A cache-friendly 2D array with built-in directional traversal — inspired by the Ashoka Chakra 🇮🇳
O(1) access · O(D) spoke traversal · O(N) spiral scan · Heterogeneous type support
Radial Stride Array is a 2D grid data structure that combines the raw performance of a flat contiguous array with a built-in spoke-based directional traversal API.
Instead of manually writing for loops with index arithmetic every time you need to walk a diagonal, scan neighbors, or spiral outward from a center point — RSA gives you one-liner methods that do it safely, efficiently, and with zero overhead compared to hand-written code.

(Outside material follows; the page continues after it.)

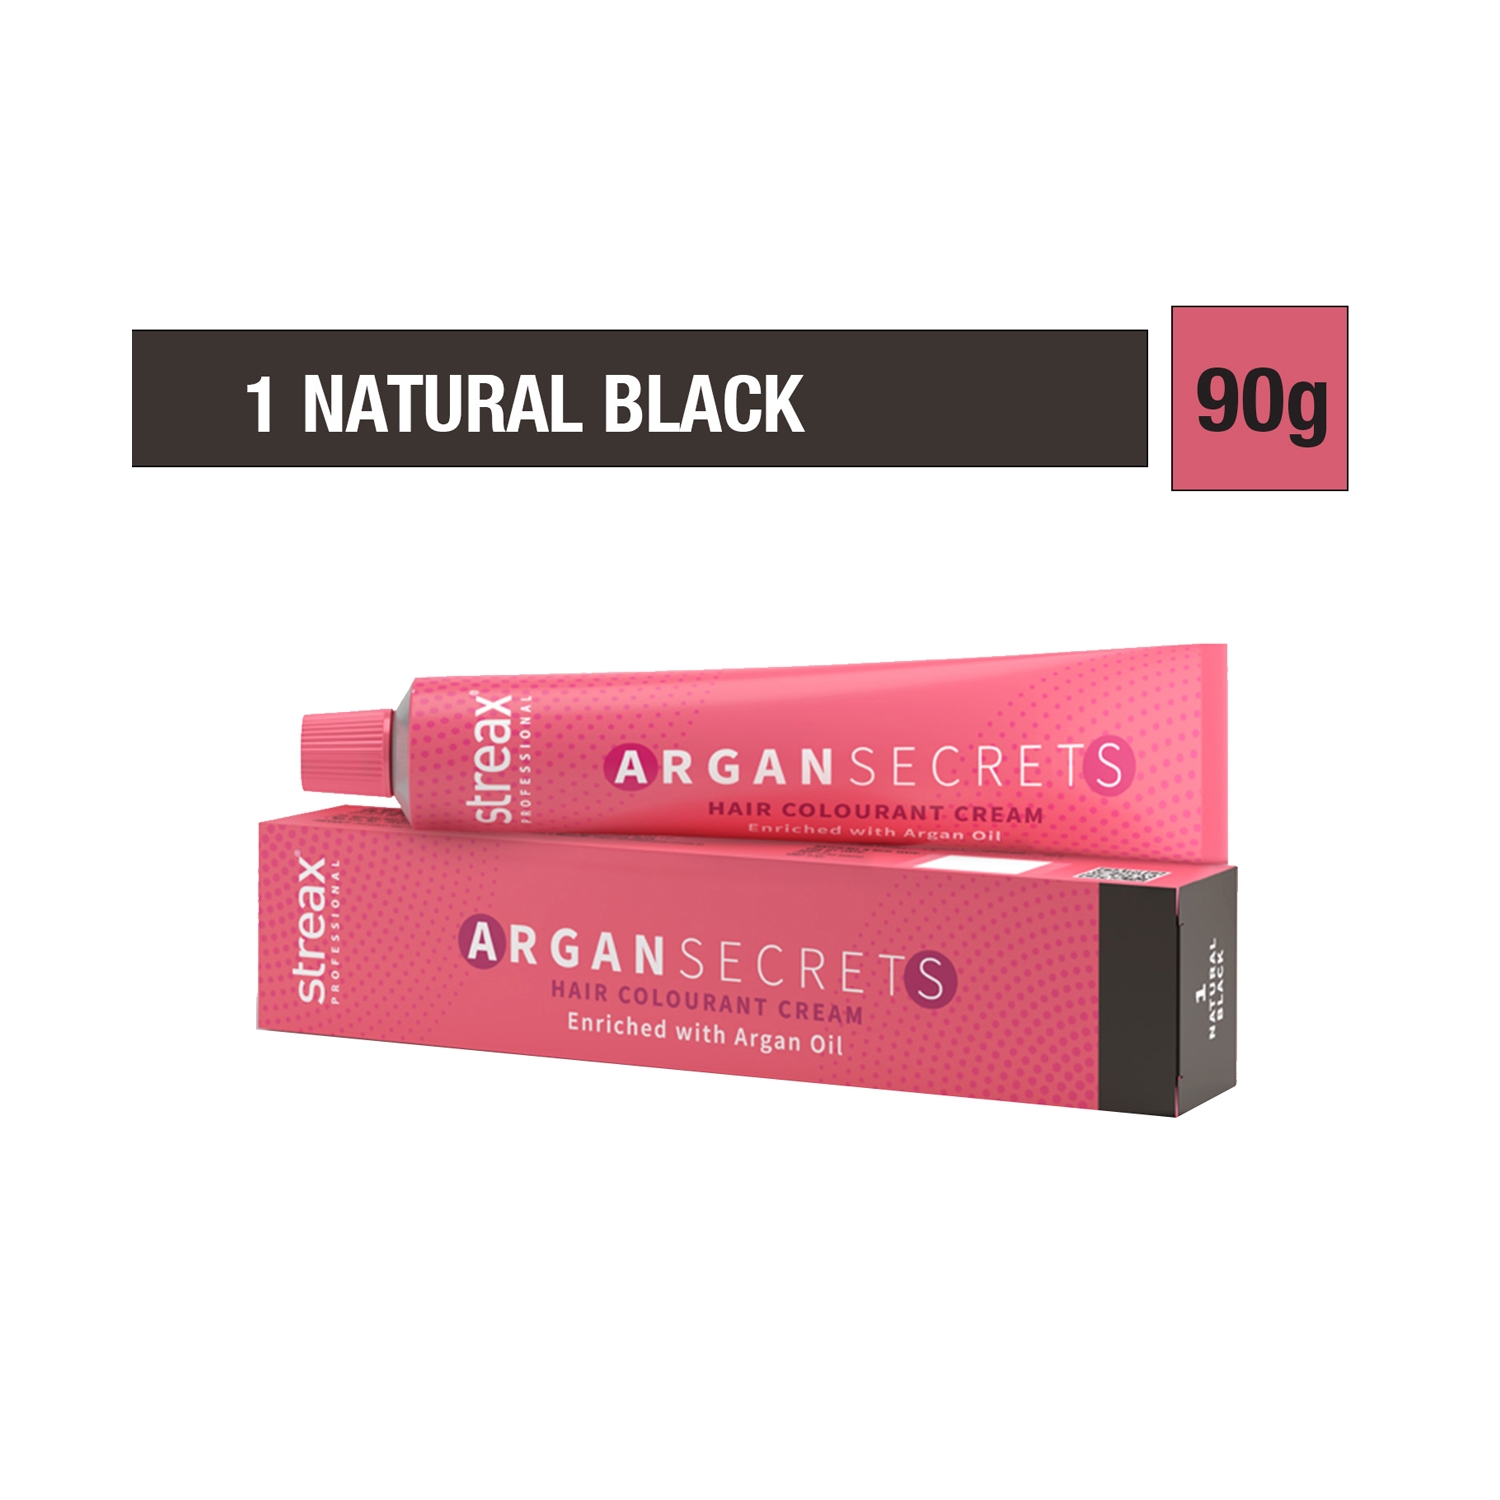 Streax Professional | Streax Professional Argan Secrets Hair Colorant Cream - 1 Natural Black (90g)
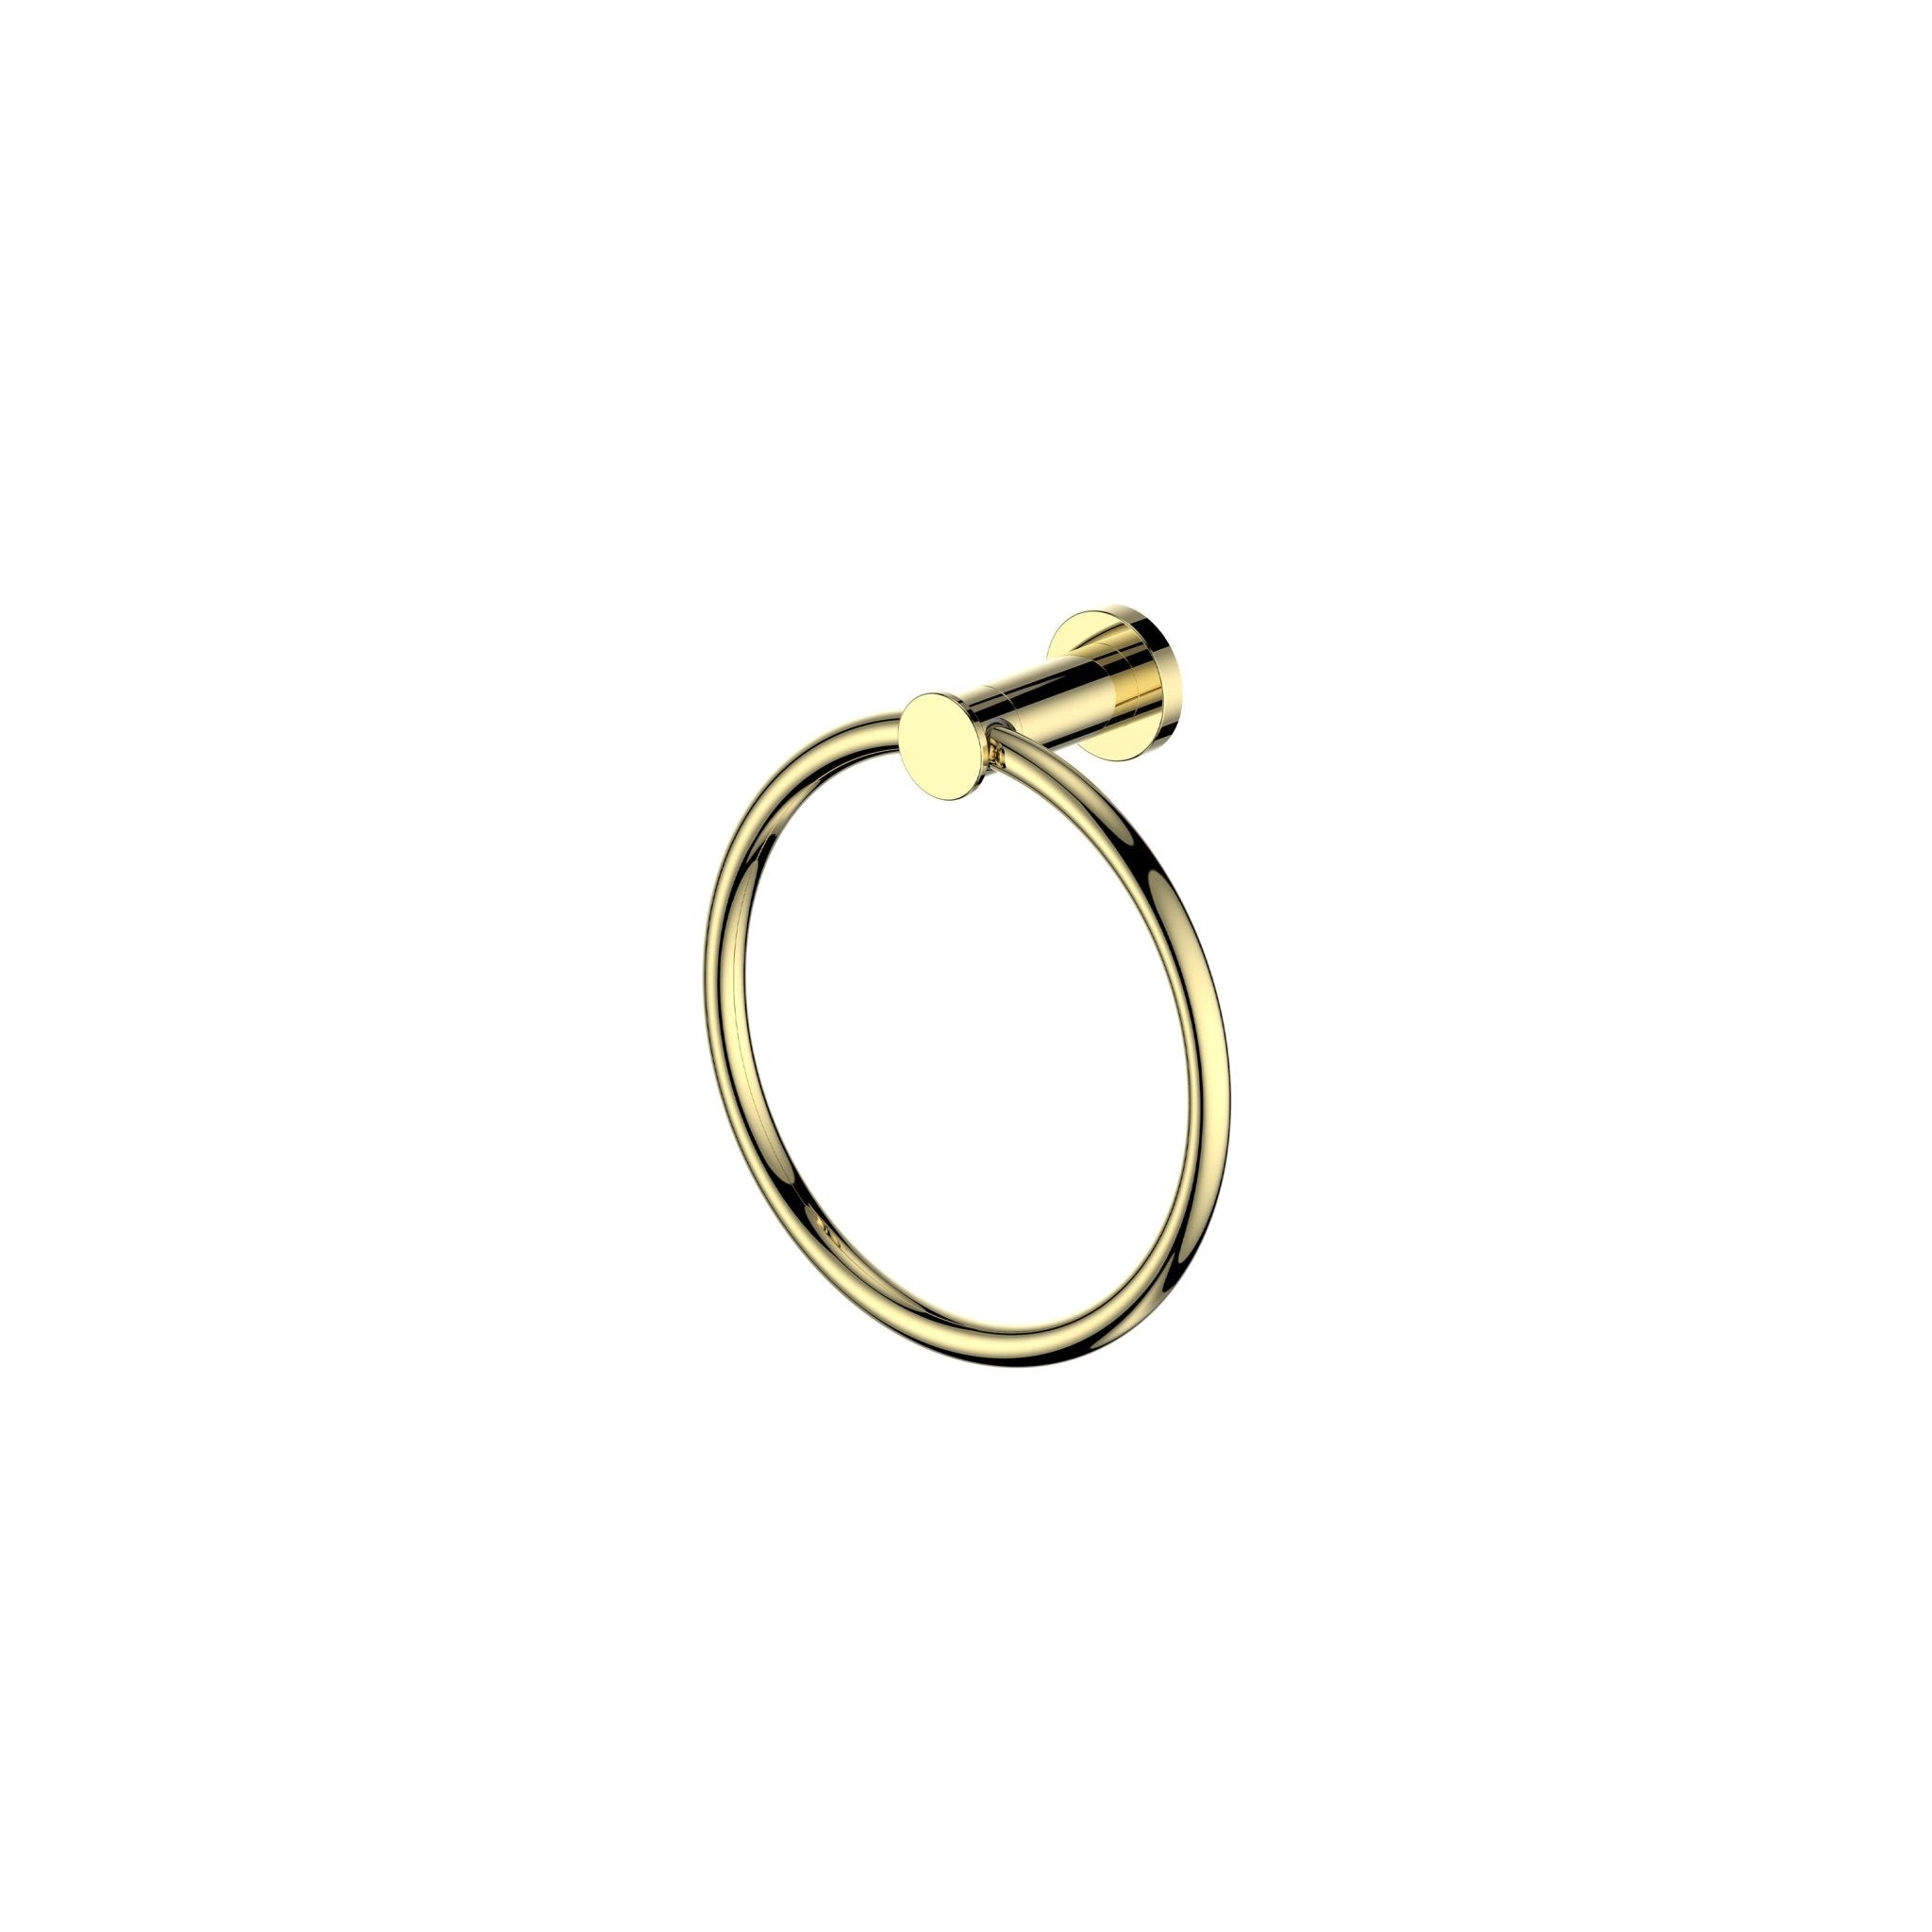 ZLINE Emerald Bay Towel Ring in Polished Gold

use rsa_bench::radial_stride_array::{RadialStrideArray, Direction};
// Create an 8×8 chess board
let mut board = RadialStrideArray::<u8>::new(8, 8);
board.set(3, 3, 1); // Place a piece at center
// Walk diagonally — one line, no manual index math
let diagonal = board.walk_spoke(Direction::DOWN_RIGHT, 1);
// Get all 8 neighbors (Game of Life pattern)
let neighbors = board.neighbors(3, 3);
// Spiral outward from center
let spiral = board.spiral_from_center();
// Walk from any position in any direction
let ray = board.walk_from(0, 0, Direction::DOWN_RIGHT, 1, 8);The idea came from looking at the Ashoka Chakra — the 24-spoke wheel on the Indian national flag. The wheel's spokes radiate outward from a center in every direction, and the insight was:
"What if an array could work like this wheel — where from any center point, you can traverse in any direction at any stride?"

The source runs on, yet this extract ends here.